AMÖ-Informationstag: Versandhauslogistik im Wandel

Das Thema Distributionslogistik bildete den Schwerpunkt beim diesjährigen Informationstag für Neumöbel- und Versandhauslogistik der AMÖ am 5. Oktober in Werl. Laut Andreas Ruf vom Verband der Deutschen Möbelindustrie blickt die deutsche Möbelindustrie weiterhin optimistisch in die Zukunft. Die boomende Bauwirtschaft führt zu einer anhaltenden Konjunktur, insbesondere in der Küchenmöbelindustrie. Die Büromöbelhersteller sind weiterhin mit positiven Zahlen auf dem Markt und auch der Export in den meisten Regionen sei stabil. Ein Wermutstropfen seien die zunehmenden Insolvenzen in der Möbelindustrie.

Schutz vor Insolvenz

Wie man sich vor Insolvenz schützen kann und welche Auswirkungen das Insolvenzrecht mit seinen möglichen Rückforderungen für den Möbelspediteur hat, erläuterte Florian Heiligers von der R+V Versicherung. Insolvenzverwalter versuchten immer wieder mit Anfechtungen Zahlungen zurückzufordern, die lange vor der Insolvenz getätigt wurden.
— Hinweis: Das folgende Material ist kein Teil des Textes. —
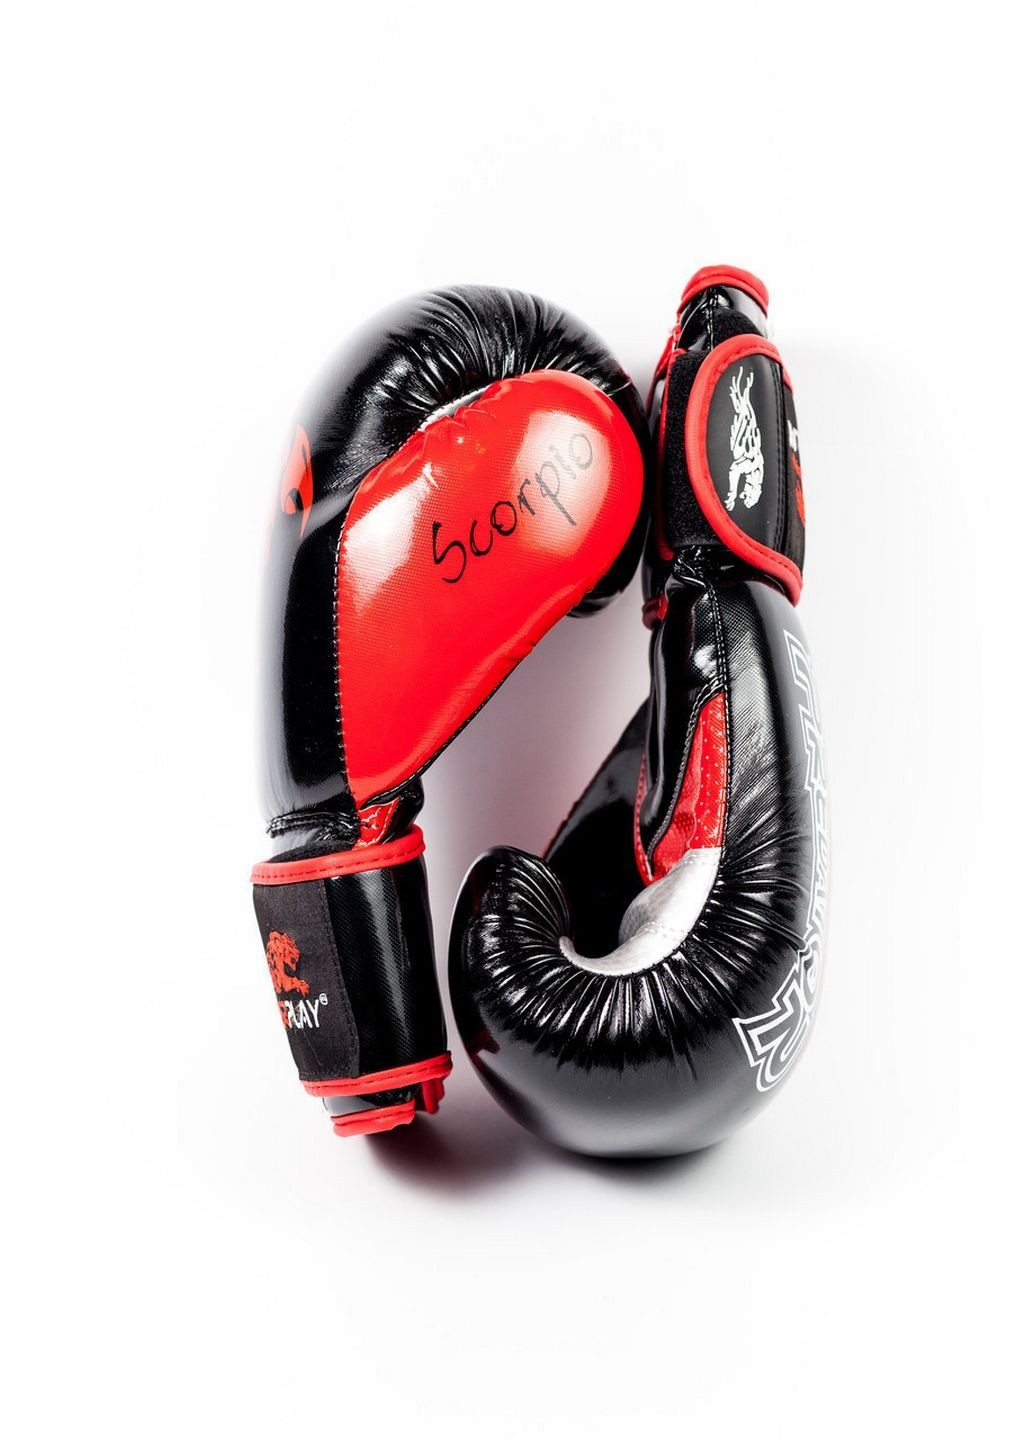 Боксерские перчатки PowerPlay (282589045)
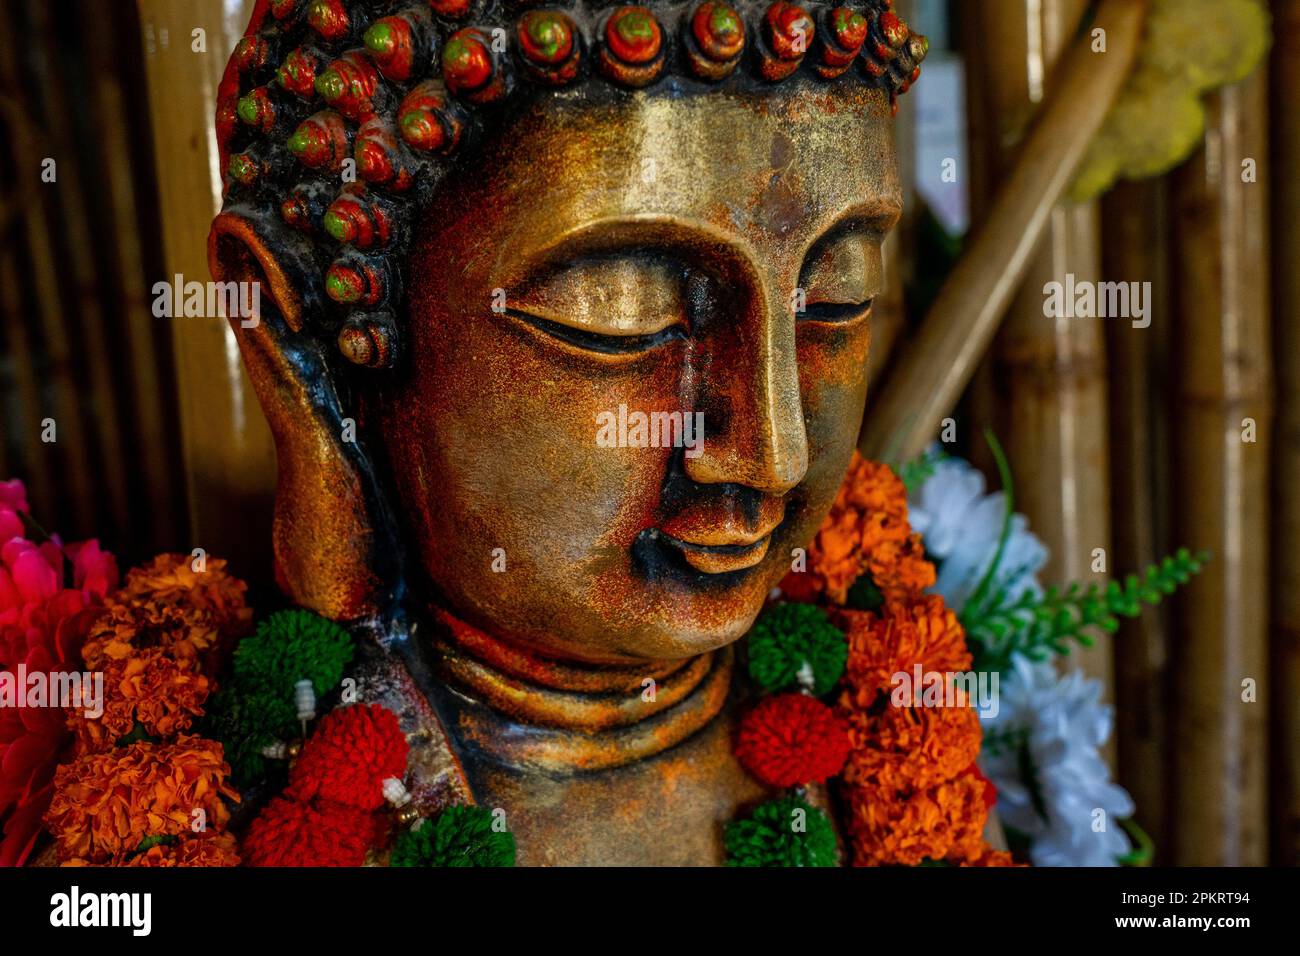 Nahaufnahme der bronzenen buddha-Statue, die in Meditation mit Blumendekorationen für die Festivalzeremonie sitzt. Hochwertiges Foto Stockfoto

Insbesondere bei Ratenvereinbarungen oder häufigen Mahnungen werde gerne abgeleitet, dass der Spediteur von Zahlungsproblemen des Schuldners wusste und sich deswegen einen ungerechtfertigten Vorteil gegenüber anderen von der Insolvenz betroffenen Gläubigern verschafft hat. Heiligers rät in solchen Fällen zu anwaltlichem Rat an und warnt vor der Herausgabe von Unterlagen an den Insolvenzverwalter. Mit dem Speditionspfandrecht seien die Spediteure relativ gut abgesichert, dennoch bietet es sich an, die Bonität der Kunden kontinuierlich zu überwachen.

Onlinehandel braucht Qualität

Martin Wieland vom Hermes Einrichtungsservice stellte die Entwicklungen und Herausforderungen der Versandhauslogistik aus Hermes-Sicht dar. Im Onlinehandel werde weiterhin ein deutliches Wachstum erwartet. Allerdings sei festzustellen, dass sich der Versandhandel nach dem Zusammenbruch der klassischen Katalogversender im Moment erst wieder auf dem Niveau von 2003 befindet. Er erwartet Wachstum vor allem bei den Unternehmen, die mit hoher Qualität und Serviceleistungen aufwarten, wie Amazon, Otto oder Ikea. Unternehmen, die auf die Billigschiene setzen, werden es zukünftig auch online schwer haben. Eine besondere Herausforderung sieht er darin, dem Möbel-Onlinekunden einen gleichwertigen Service zu bieten wie dem einfachen Paketkunden.

Kontroverse Diskussion

In der anschließenden kontroversen Diskussion wurde deutlich, dass die Zunahme der Servicequalität bei gleichzeitigem Wachstum der Menge und rückläufigen personellen Kapazitäten unter dem Versuch, Kosten zu reduzieren, der Quadratur des Kreises gleichkommen muss. Die Berichte von AMÖ-Geschäftsführer Dierk Hochgesang über den Sachstand der Arbeit in der Zukunftsinitiative Möbellogistik (ZIMlog) und von Unternehmensberater Jürgen Kirchner zur Kostenentwicklung in der Möbellogistik, insbesondere Überlagernahme und Umschlag, rundeten die Veranstaltung ab. Im Ergebnis gewannen die Teilnehmer Informationen, um die strategische Ausrichtung der eigenen Unternehmen für die nächste Zukunft zu prüfen und zu optimieren.